IF stateful set does not exist THEN
  create new stateful set
END IF
Compare number of nodes in bitcoin network spec with replicas in stateful set
IF they are not equal
  update stateful set object
END IF

For simplicity, we will use a naming convention to match bitcoin networks and stateful sets. This has the additional benefit that when we try to create a second stateful set by mistake, it will be refused as no two stateful sets with the same name can exist. Alternatively, we could use a randomly generated name and use labels or annotations to match stateful sets and controllers (and, of course, there are owner references – more on this below).

Those of you who have some experience with concurrency, multi-threading, locks and all this (for instance because you have built an SMP-capable operating system kernel) will be a bit alerted when looking at this code – it seems very vulnerable to race conditions. What if a node is just going down and the etcd does not know about it yet? What if the cache is stale and the status in the etcd is already reflecting updates that we do not see? What if two events are processed concurrently by different worker threads? What if a user updates the bitcoin network spec while we are just bringing up our stateful sets?

There are two fundamentally different ways to deal with these challenges. Theoretically, we could probably use the API mechanisms provided for optimistic locking ( resource versions that are being checked on updates) to implement basic synchronization primitives like compare-and-swap as it is done to implement leader election on Kubernetes, see also this blog. We could then implement locking mechanisms based on these primitives and use them to protect our resources. However, this will never be perfect, as there will always be a lag between the state in the etcd and the actual state of the cluster. In addition, this can easily put us in a situation where deadlocks occur or locks at least slow down the processing massively.

The second approach – which, looking at the source code of some controllers in the Kubernetes repositories, seems to be the approach taken by the K8s community – is to accept that full consistency will never be possible and to strive for eventual consistency. All actors in the system need to prepare for encountering temporary inconsistencies and implement mechanisms to deal with them, for instance be re-queuing events until the situation is resolved. This is the approach that we will also take for our controller. This implies, for instance, that we re-queue events when errors occur and that we leverage the periodic resync of the cache to reconcile the to-be state and the as-is state periodically. In this way, inconsistencies can arise but should be removed in the next synchronisation cycle.

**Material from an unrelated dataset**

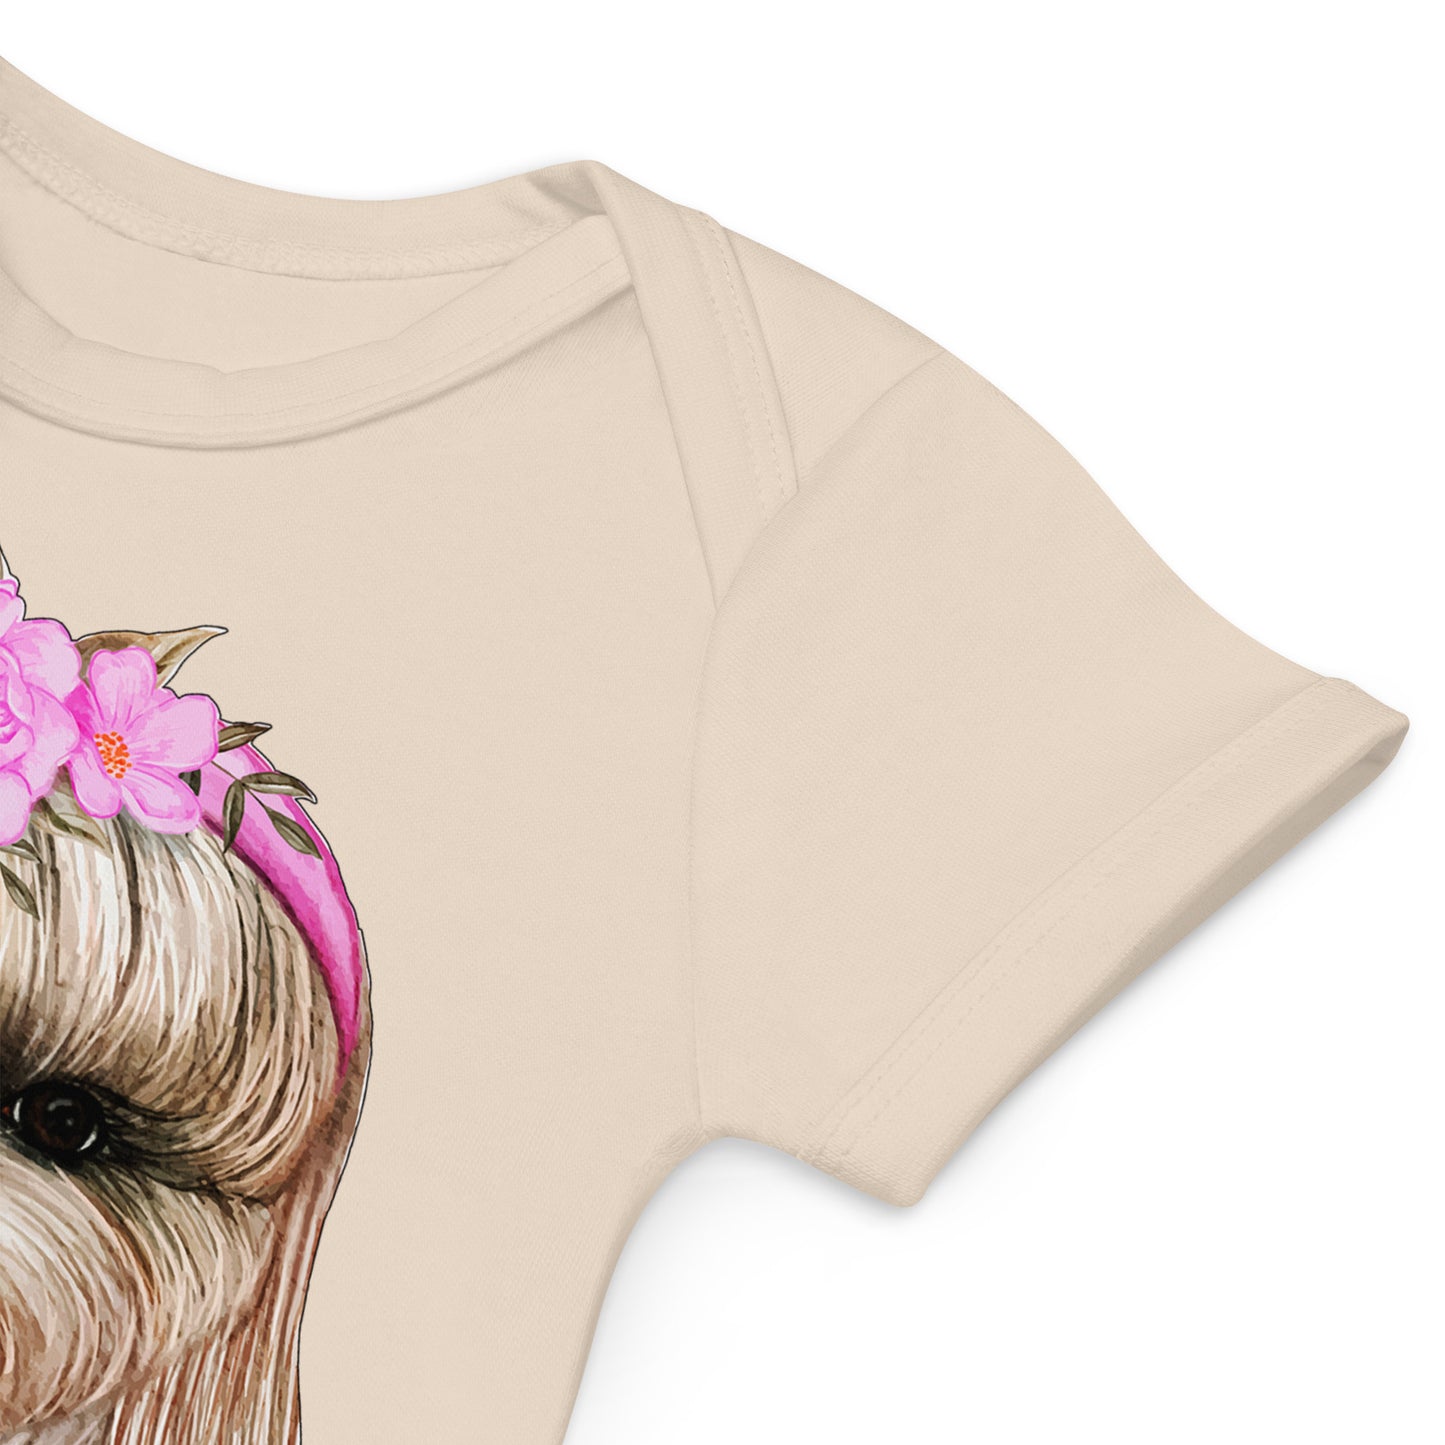 Adorable Dog with Flower Hair Crowns Bodysuit, No. 0562

In this version of the code, error handling is still very simple – most of the time, we simply stop the reconciliation when an error occurs without re-queuing the event and rely on the periodic update that happens every 30 seconds anyway because the cache is re-built. Of course there are errors for which we might want to immediately re-queue to retry faster, but we leave that optimization to a later version of the controller.

Let us now run a few tests. I have uploaded the code after adding all the features explained in this post as tag v3 to Github. For simplicity, I assume that you have cloned this code into the corresponding directory github.com/christianb93/bitcoin-controller in your Go workspace and have a fresh copy of a Minikube cluster. To build and deploy the controller, we have to add the CRD, the service account, cluster role and cluster role binding before we can build and deploy the actual image.

$ kubectl apply -f deployments/crd.yaml
$ kubectl apply -f deployments/rbac.yaml
$ ./build/controller/minikube_build.sh
$ kubectl apply -f deployments/controller.yaml

At this point, the controller should be up and running in the namespace bitcoin-controller, and you should be able to see its log output using

$ kubectl logs -n bitcoin-controller bitcoin-controller

Let us now add an actual bitcoin network with two replicas.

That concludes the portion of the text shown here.